I've written a lot here, so I will make one final point before ending my comment. As you know, as lesbians, gay men, bisexuals, transgenders, and queers are oppressed because we are NOT heterosexual -- but our experiences of anti-queer oppression is different because of our different racial, gender, class identities -- because of our differing ages, because some of us live with disabilities, and some of us are able-bodied (etc.,). For example, most of the wealthiest members of lgbtq communities are gay men -- I'm NOT saying ALL gay men are wealthy. I'm saying that gay men frequently earn more money than do lesbians, and especially transgenders. In general, however, white gay men access more wealth than do gay men of color -- white lesbians earn more money than do lesbians of color -- and transgenders, and particularly transgenders of color face fare more economic obstacles than do lesbians and gays -- especially those lesbians and gays that are gender conforming.

That is a hierarchical reality -- a reality of inequality in our own community that would do us (lgbtq people) well to recognize. So we don't "forget" to acknowledge the struggles and include the rights of certain segments of our community in our agendas as we push for equality. So often, for example, transgender rights are NOT included in the agendas of gay and lesbian organizations -- because gays and lesbians are not immune to transphobia and sometimes believe that including the rights of transgender folk will make it harder for "us" to achieve the rights we are fighting for.

If more white gay men understood that they had white privilege -- if they understood the way that their white privilege works for them and against them -- perhaps so many of them would not have voted for John McCain in this last election.

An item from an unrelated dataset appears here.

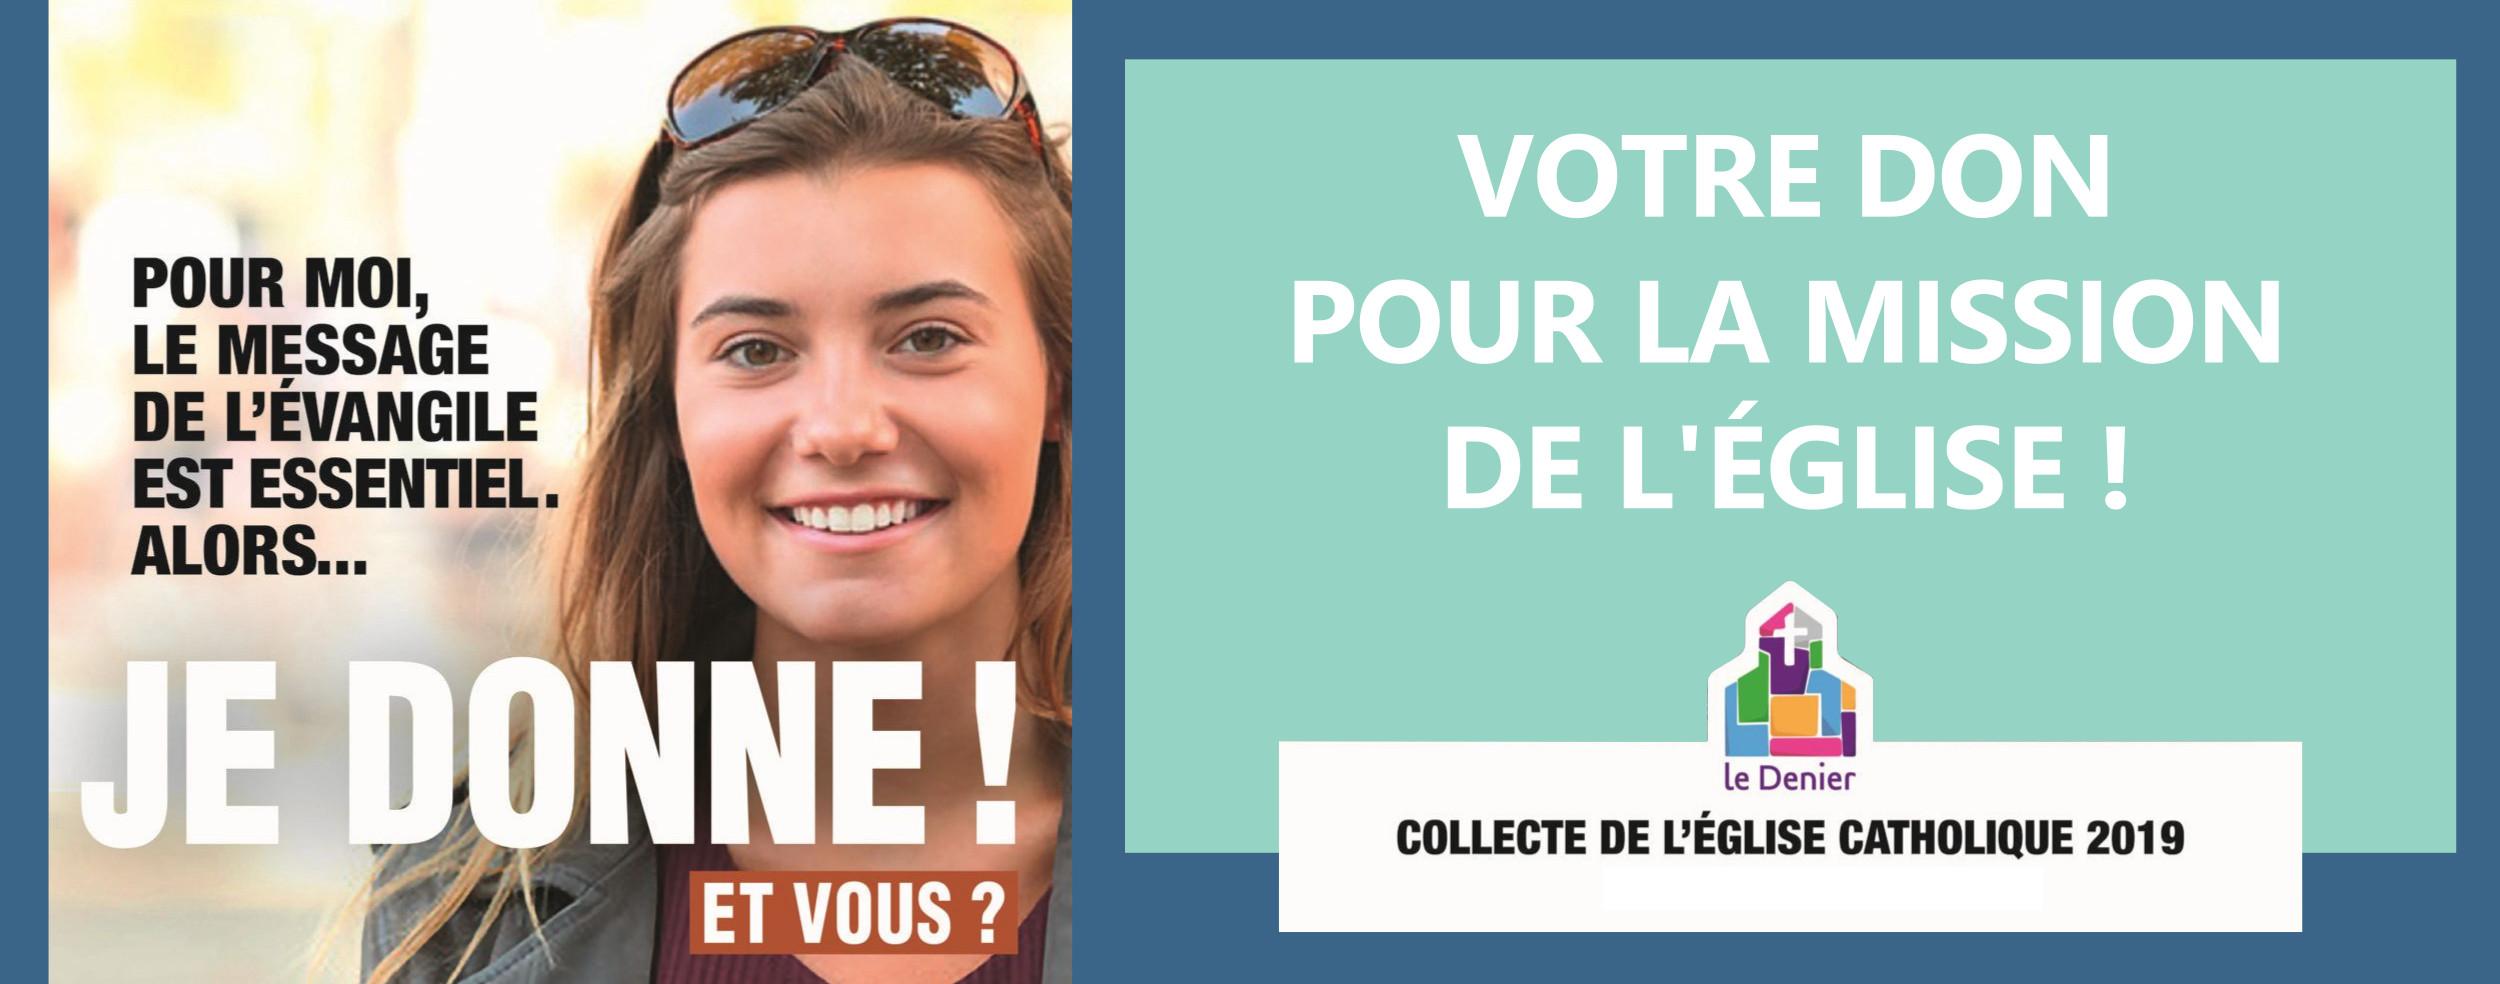 Don au denier 2019

The largest queer voting population that voted for Republican John McCain were white gay men -- they cast their vote in support of a man whose beliefs and voting record passed and upheld racist, sexist, heterosexism/anti-queer, ableist (etc.,) policies.


[ Parent ]
sorry for the delayed response..
let me say, butchrebel, you are a damned genius.  

Really, you ought to write a book.. and I hope you do.  I appreciate your thought out response.. and it really has opened my eyes to something that I saw, but was just squinting at from a distance.  

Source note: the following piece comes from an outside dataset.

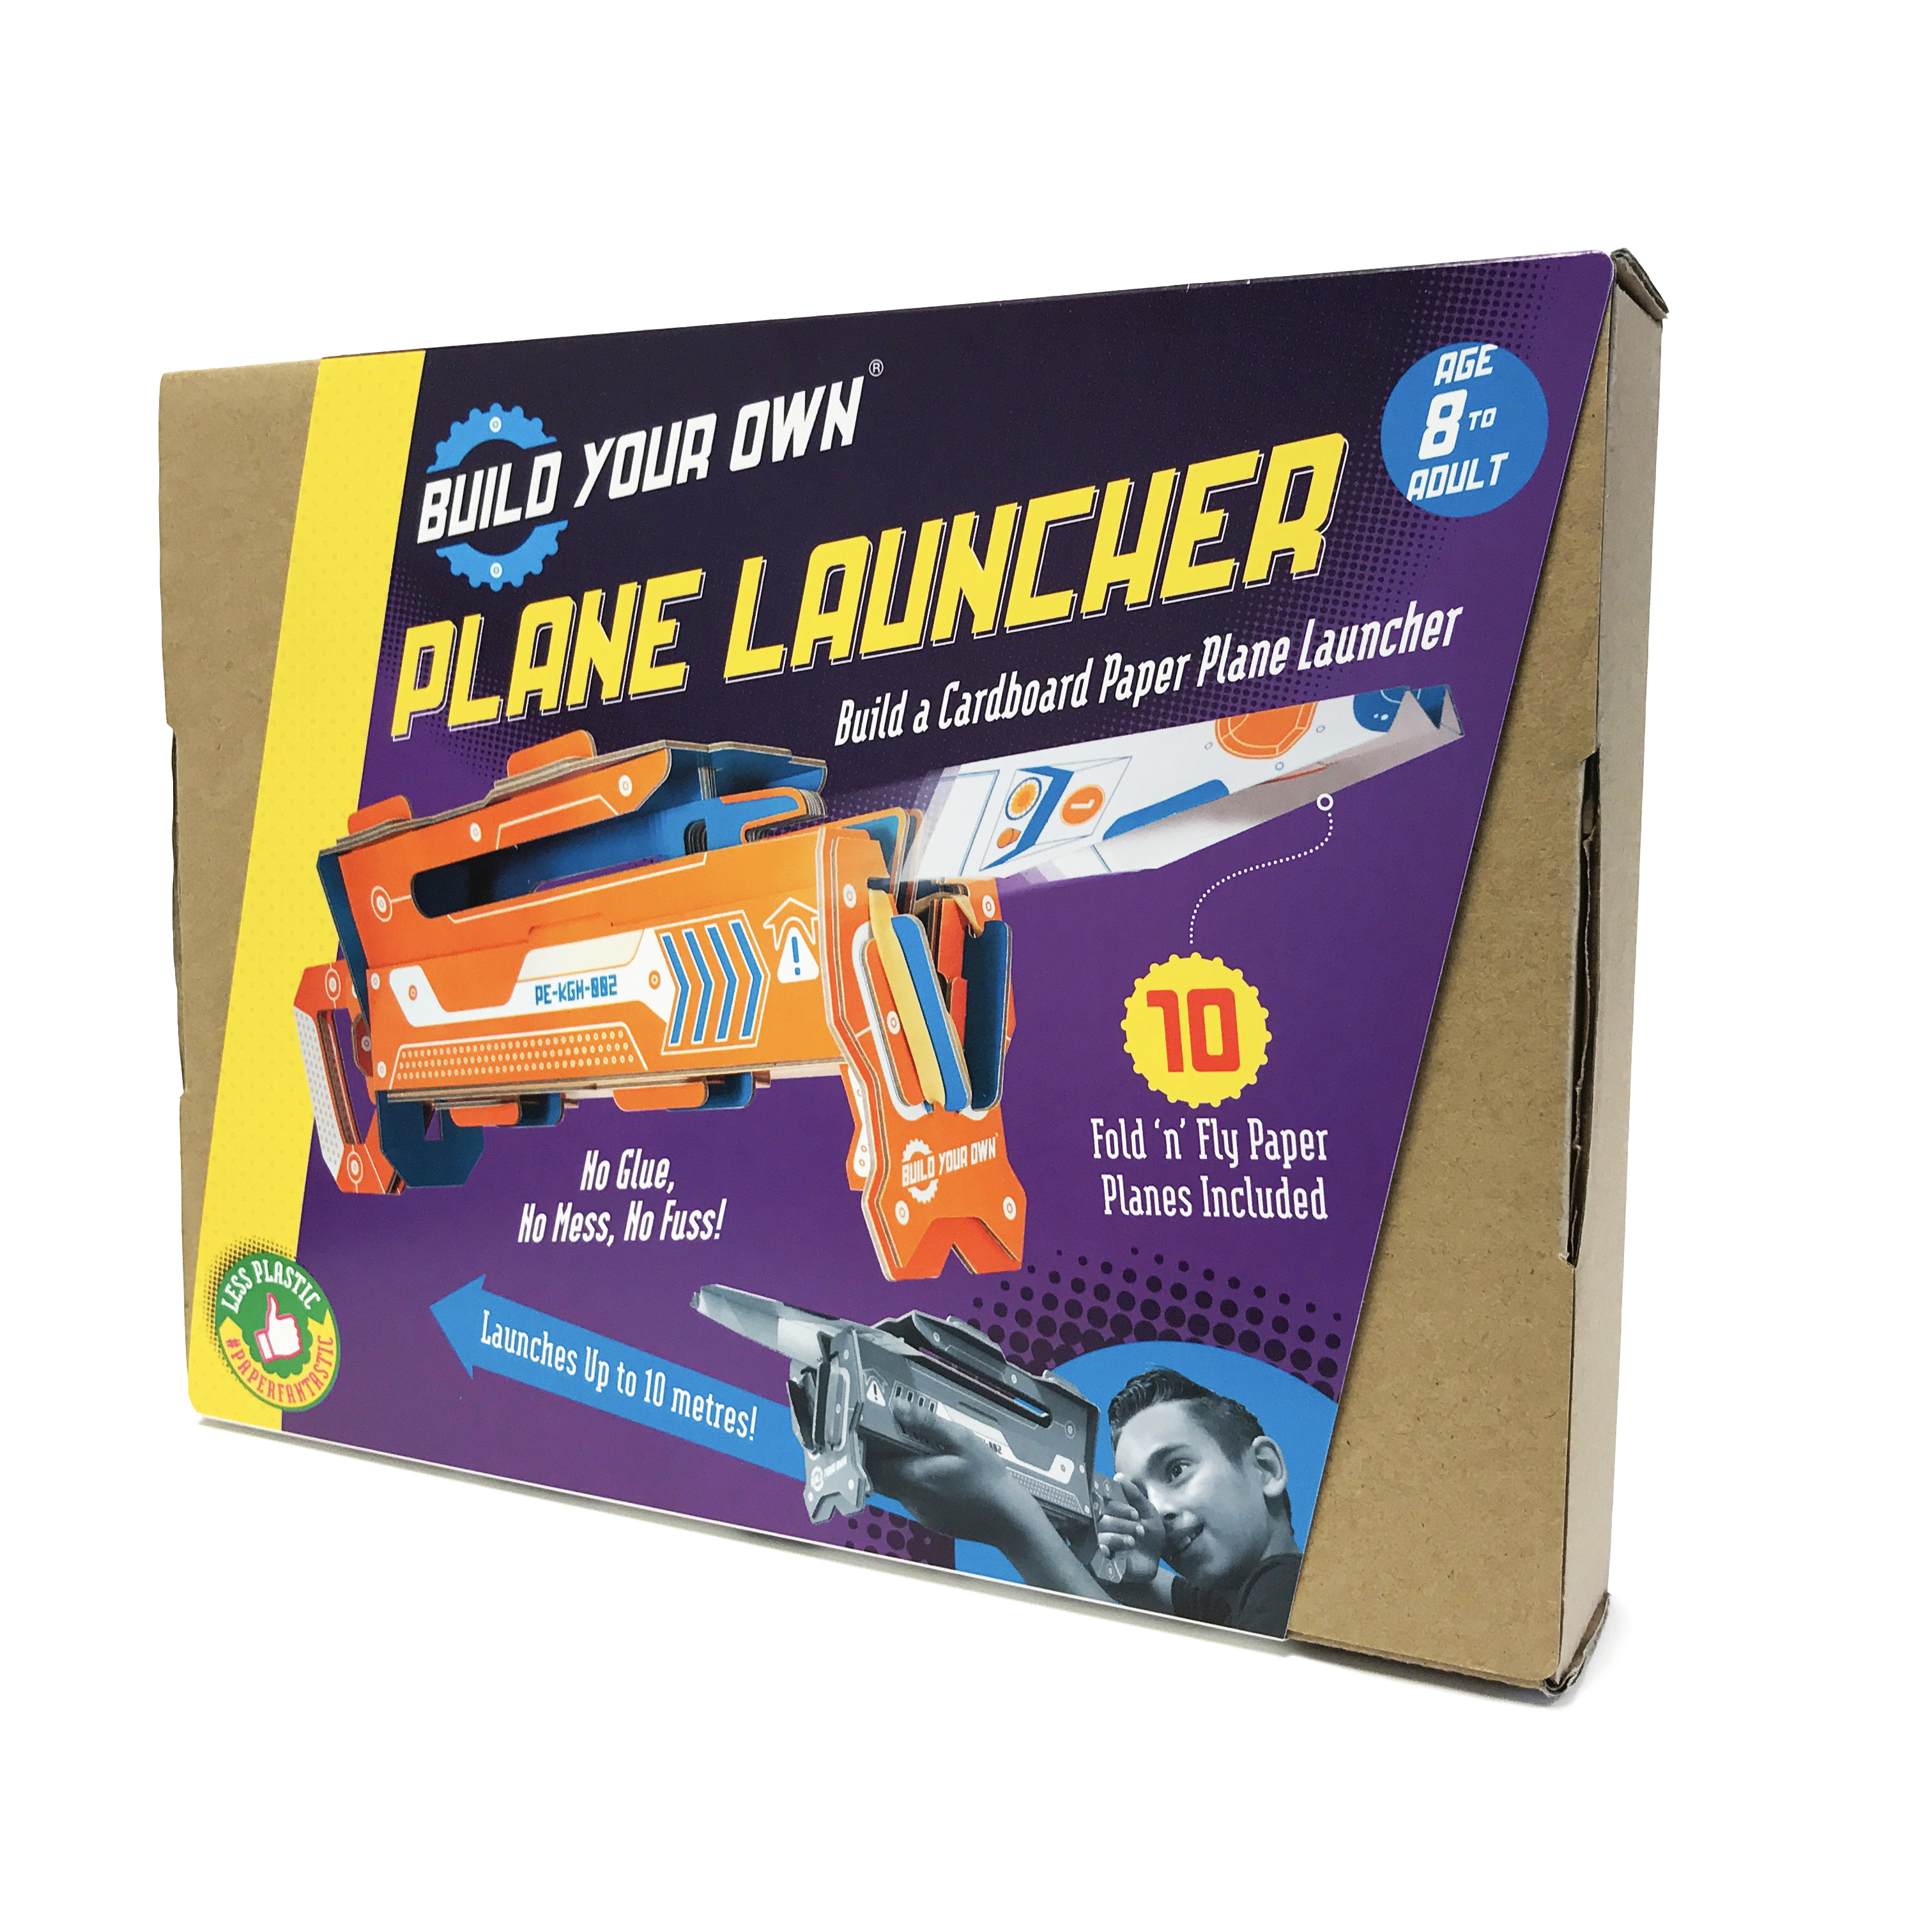 BYO Plane Launcher

I've always known there is a privilege to being white.  I have examined it a lot.  But, I've always forgotten about it when thinking about LGBTQ issues.  The lot of us don't want to believe there are inconsistencies within our own group in relation to oppression or privilege.

These are the types of conversation I want to have.  If we don't, then things will stagnate.  Thanks for your well thought out reply.  You, and many other blenders make me want to go back to school.. I feel simpleminded around this lot.

(And yes, my first comment was made in haste out of being upset.  Truth hurts, eh?)


[ Parent ]
Rise Up!
Here we go again!

I hope the same sort of uprising will happen that did for that radio show as well as the recent hoax.

It shows we're not going to take it anymore.


When ya rise up in TX, use Tom Delay as a human shield
he gives me gas

What have you done today, to make ya feel PROUD?